By: Marlaine Monroig | Mentor: Dr. Jeffrey Bedwell

Abstract

Research examining the relationship between psychological distress and health behaviors is limited, as most such studies examine specific types of psychological distress and specific types of health behaviors. To address this limitation, the current study assessed a broad range of health behaviors (Health Behavior Checklist) and psychological symptoms (Brief Symptom Inventory) in 762 undergraduate students. Results revealed that the total BSI score showed statistically significant negative correlations with the HBC total score and three of the four HBC subscales (Wellness-Maintenance, Substance Risk, Traffic Risk ).
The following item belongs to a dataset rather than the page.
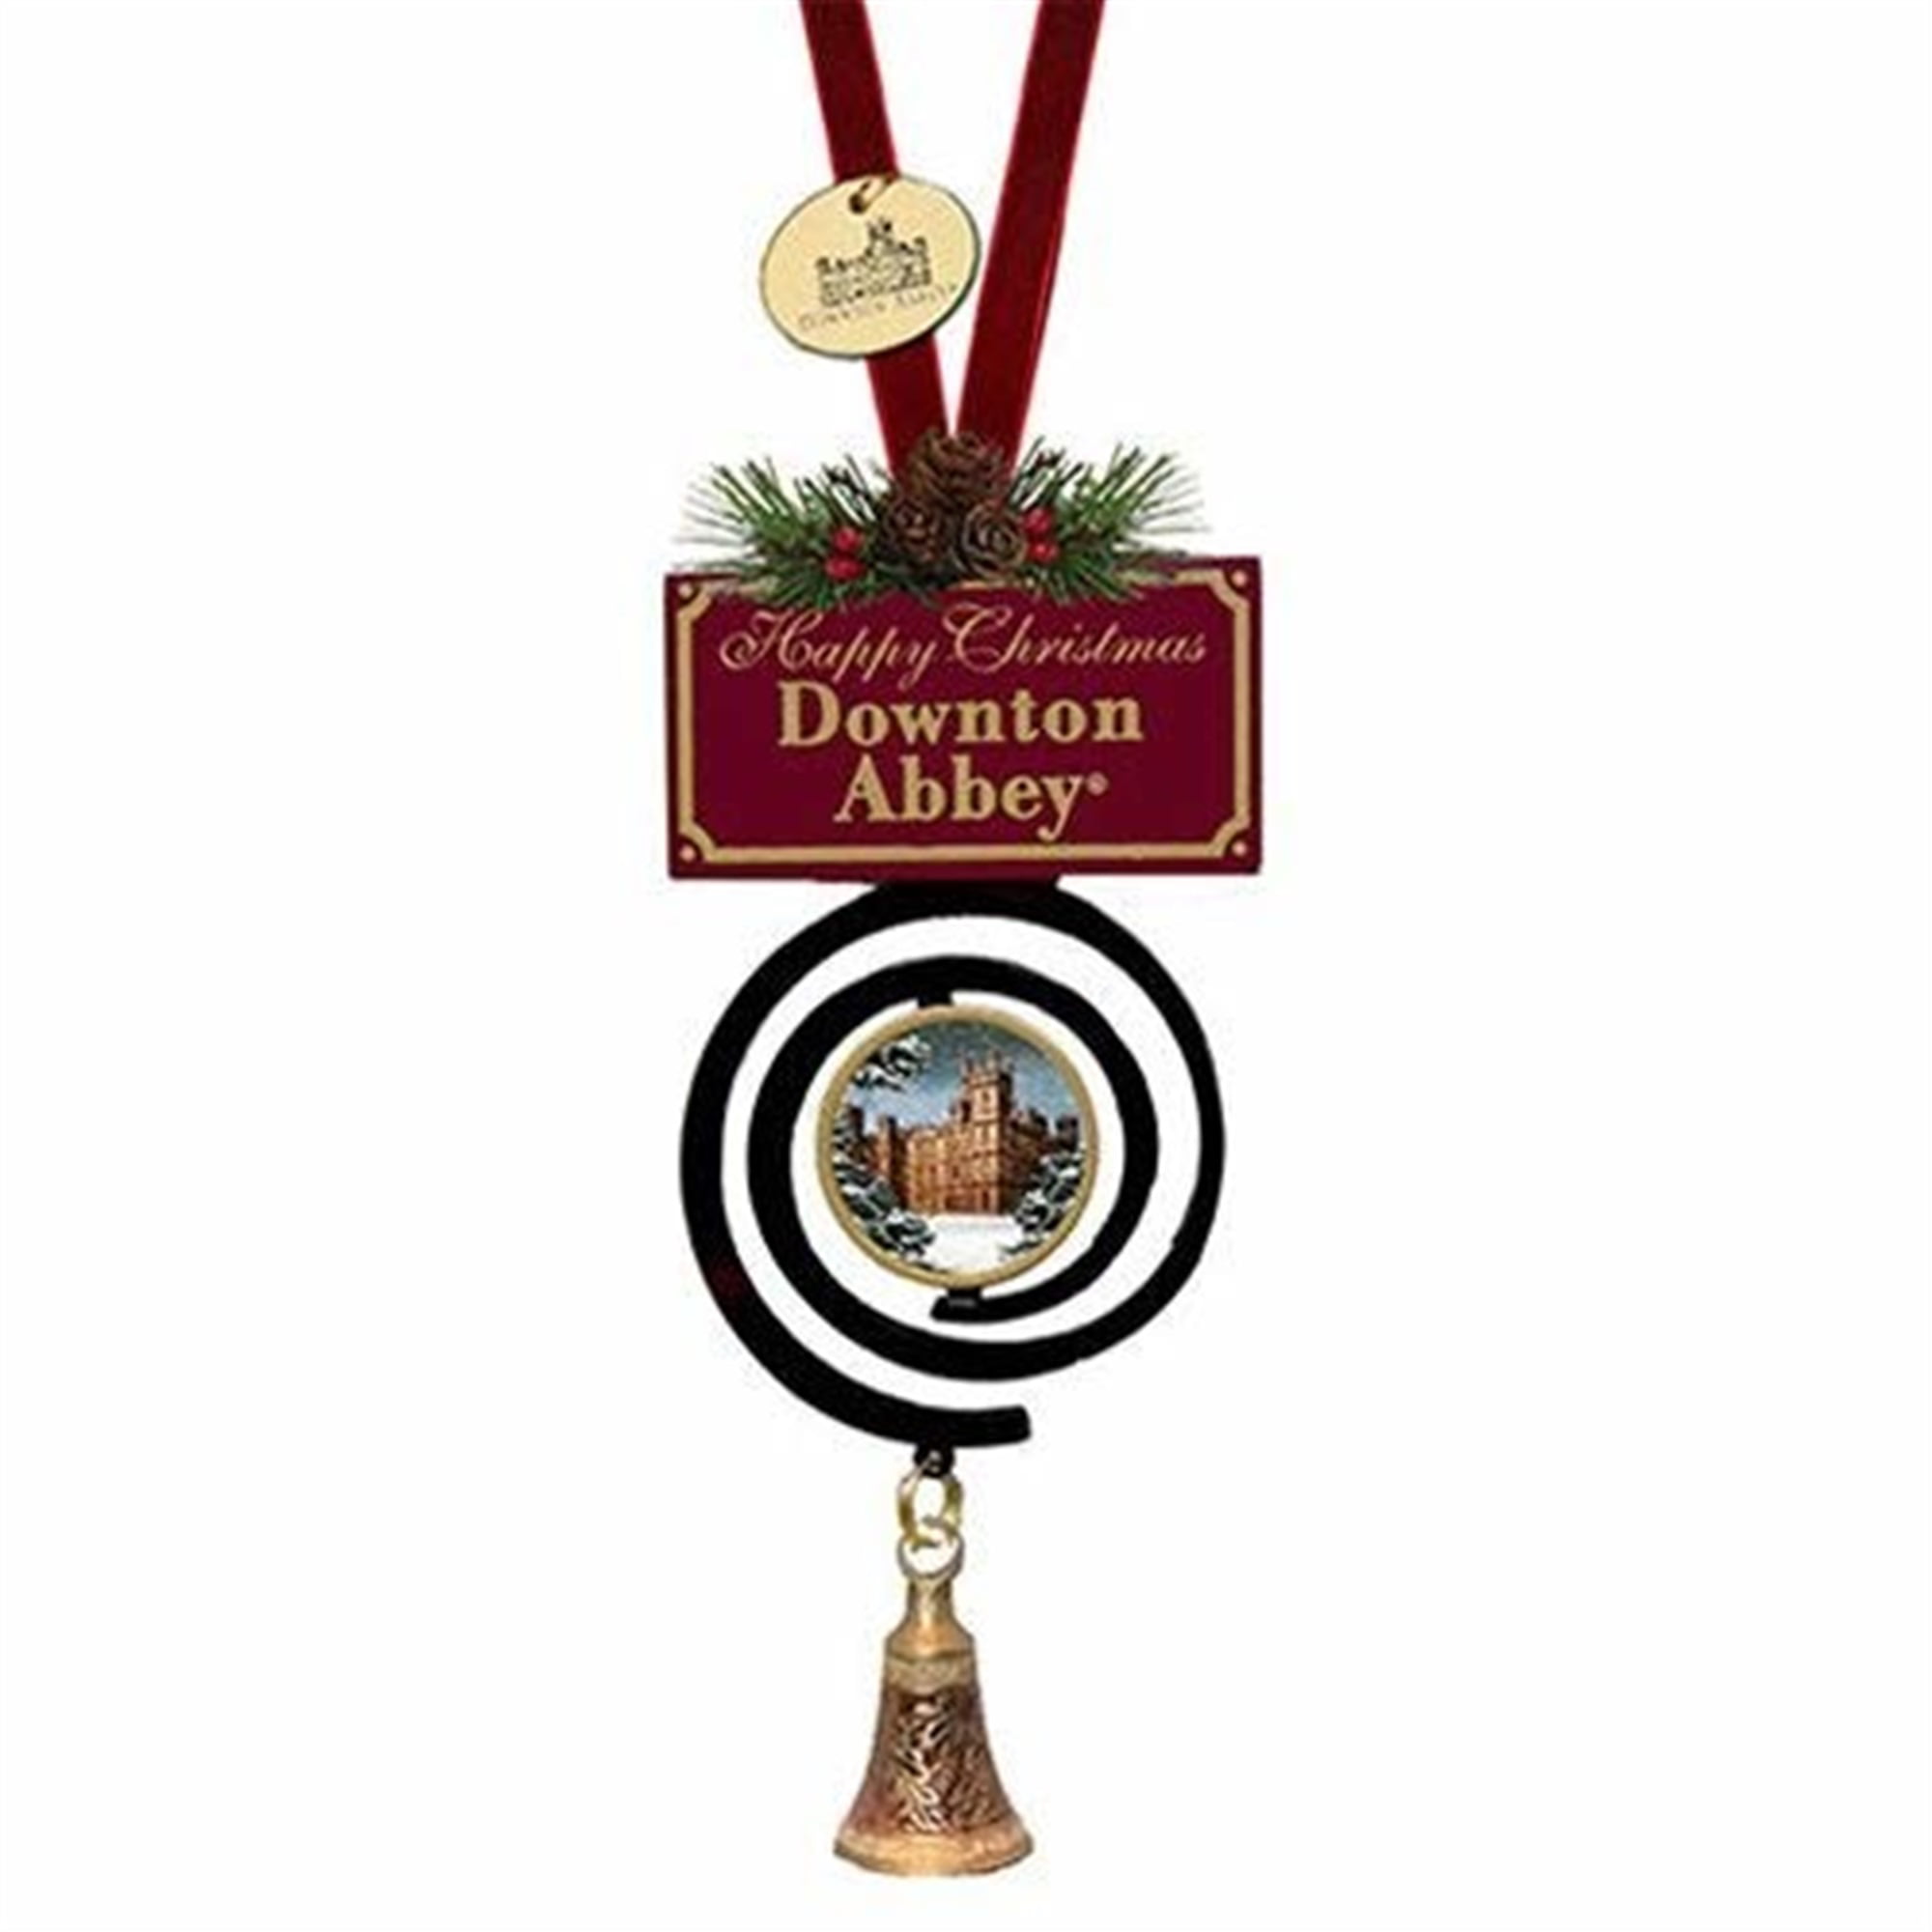 Downton Abbey Bell Ornament 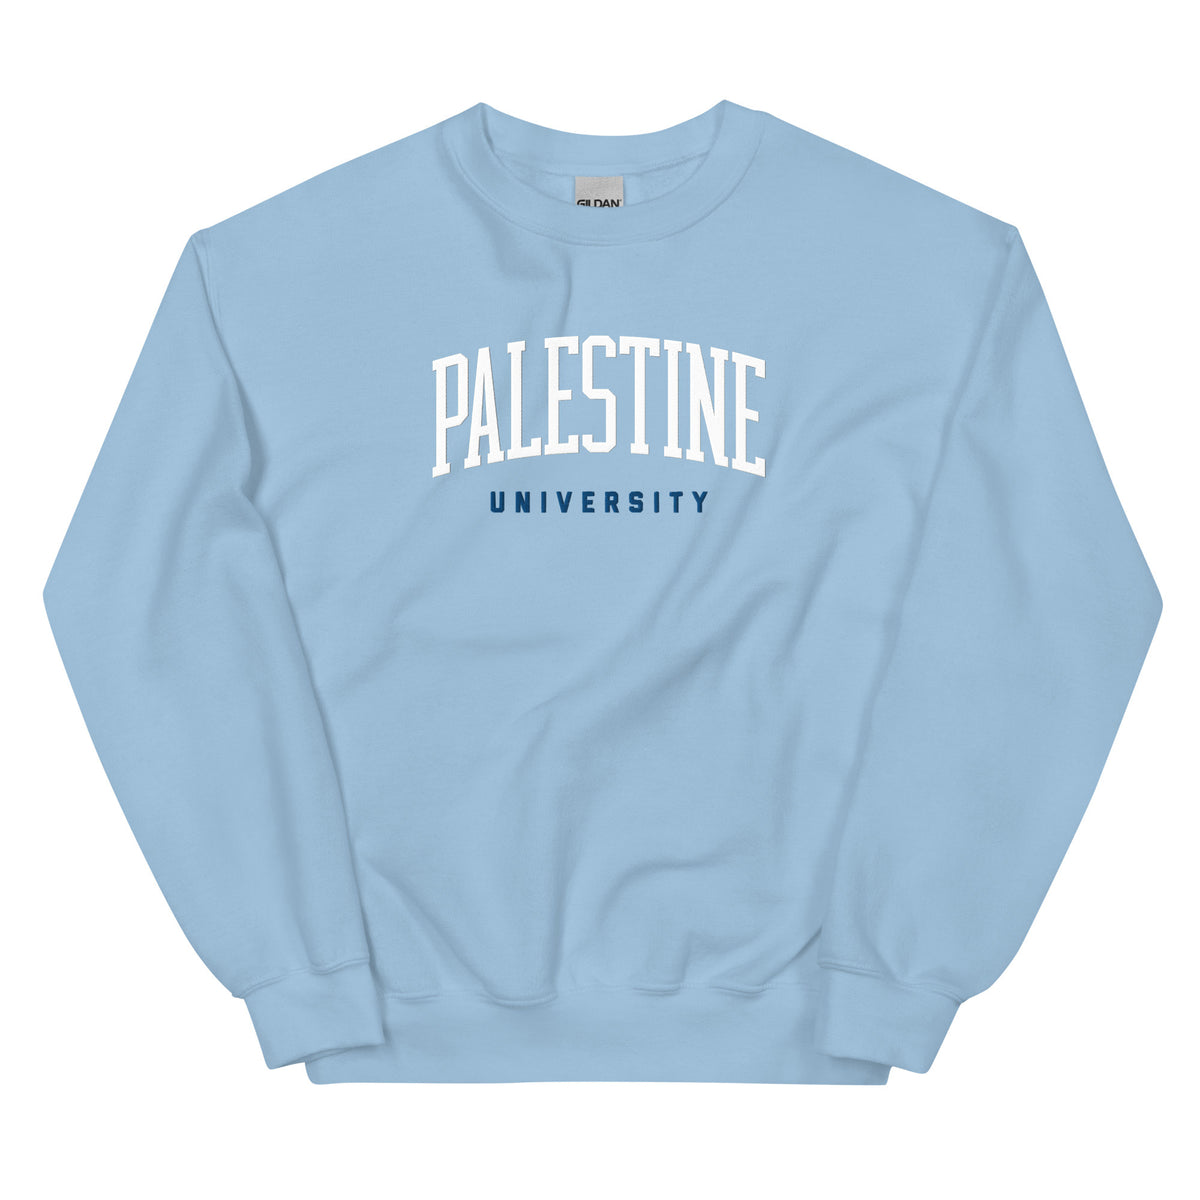 Palestine university sweatshirt in light blue by Dar Collective

Thus, participants reporting more overall psychological distress engaged in fewer positive health behaviors across all health behavior subtypes. Stepwise regressions examining the BSI subscales and their relationship with the HBC subscales revealed that the Hostility subscale of the BSI was the strongest and most consistent predictor of positive health behaviors, as it was negatively related to the HBC total score and three of the four HBC subscales (Wellness Maintenance, Substance Risk, and Traffic Risk). In addition, the Depression subscale of the BSI was negatively related to the Accident Control subscale of the HBC (negative direction). Interestingly, the Phobia subscale of the BSI was related to the Substance Risk and Traffic Risk subscales of the HBC, but in a positive direction. Thus, participants indicating more phobic symptoms reported healthier substance and traffic behaviors. The results of this exploratory study provide an initial model that can inform future studies on this important topic area.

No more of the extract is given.